細胞は増殖しますが、バクテリアと真核生物ではちょっと違う点があります。バクテリアの場合、ともかく自分と同じ細胞を複製すればよいわけですが、真核生物の場合それだけではわけのわからない細胞のかたまりができるだけで、生物の形をつくることができません。生物の形をつくるには骨も筋肉も皮膚も、その他もろもろの多様な細胞が必要です。

そのためには、細胞が分裂したときに親の細胞とは違う子供の細胞が生まれなければいけません。その子供の細胞が骨や筋肉や皮膚になっていくわけです。ただ全ての子供の細胞がそのように分化していいかというと、そうではなくて、親と同じように未分化な細胞もないといけません。例えば皮膚からは毎日垢がでますが、これは細胞の死骸です。ということはそれだけぶんの新しい細胞が補充されているということを意味しています。すなわち、分化した細胞はいずれ垢のようになって死ぬ運命にありますから、細胞を補充するという役割を持つ未分化な細胞がある程度残されていなければ、たちまち皮膚の細胞は枯渇してしまいます。

このような未分化な細胞には幹細胞が含まれています。幹細胞はバクテリアのように自分自身を複製することができると同時に、皮膚になっていずれ垢になって死んでいく細胞をつくることもできます。

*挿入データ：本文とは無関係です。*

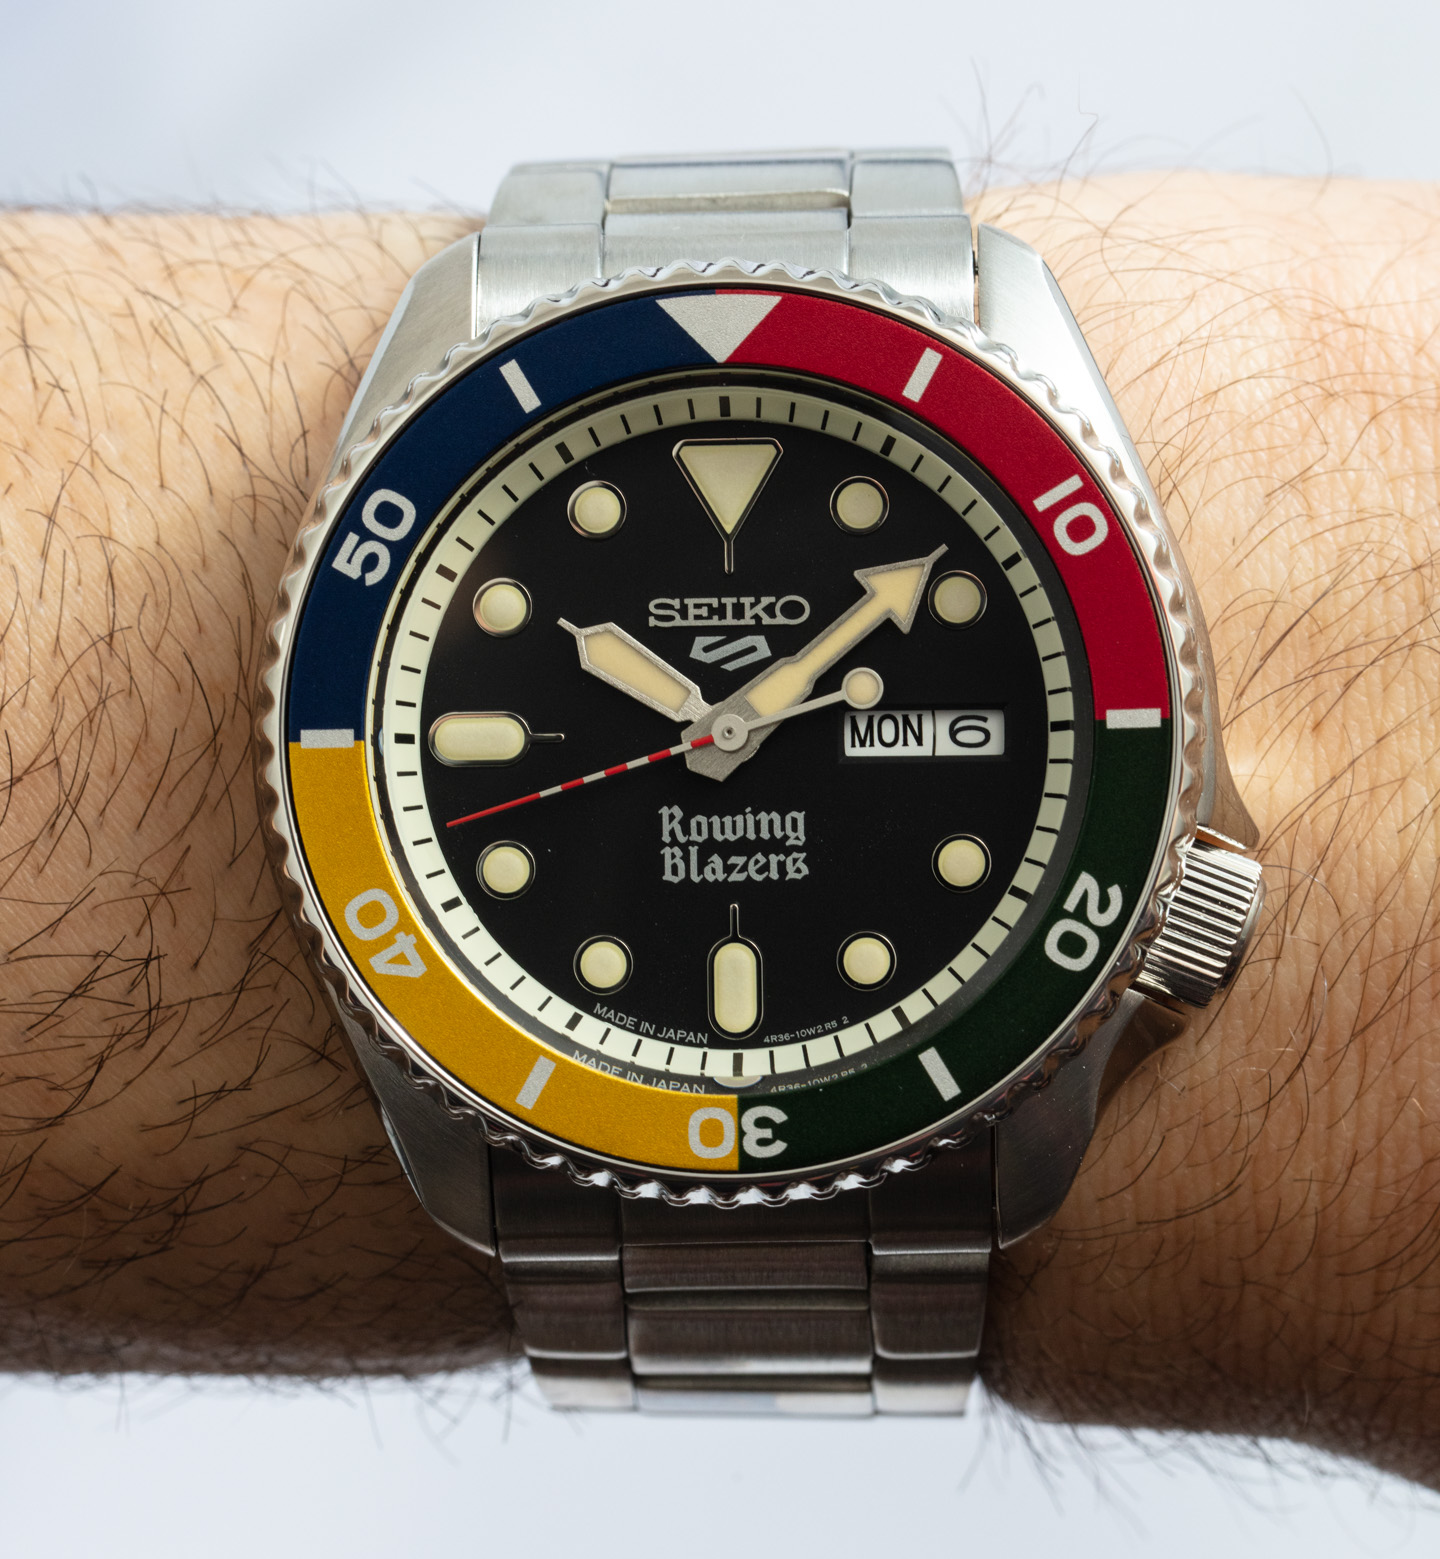 Hands-On: Seiko 5 Sports x Rowing Blazers Watches With Video Interview |  aBlogtoWatch

Dna_2 昔からこの幹細胞にはオリジナルDNAのセットが含まれているというセオリーがありました。細胞が分裂するときにDNAも複製されるのですが、このときのコピーの作業によって、ゼロックスコピーも何度も繰り返すと画質が劣化するように、DNAもわずかに劣化します。それはコピー機の場合ほど露骨ではありませんが、やはりエラーが発生してわずかな変化が生じることを避けることはできません。

今までのセオリーでは、幹細胞は分裂したときに必ず図1のように黒色のオリジナルDNAセットを持つ子供の細胞をつくり、これによって劣化していないDNAのセットを保存して、一生涯の間狂いのない細胞を生み出すことができることになっていました。Aは自己複製時、Bは分化細胞を生み出す際の細胞分裂を示します。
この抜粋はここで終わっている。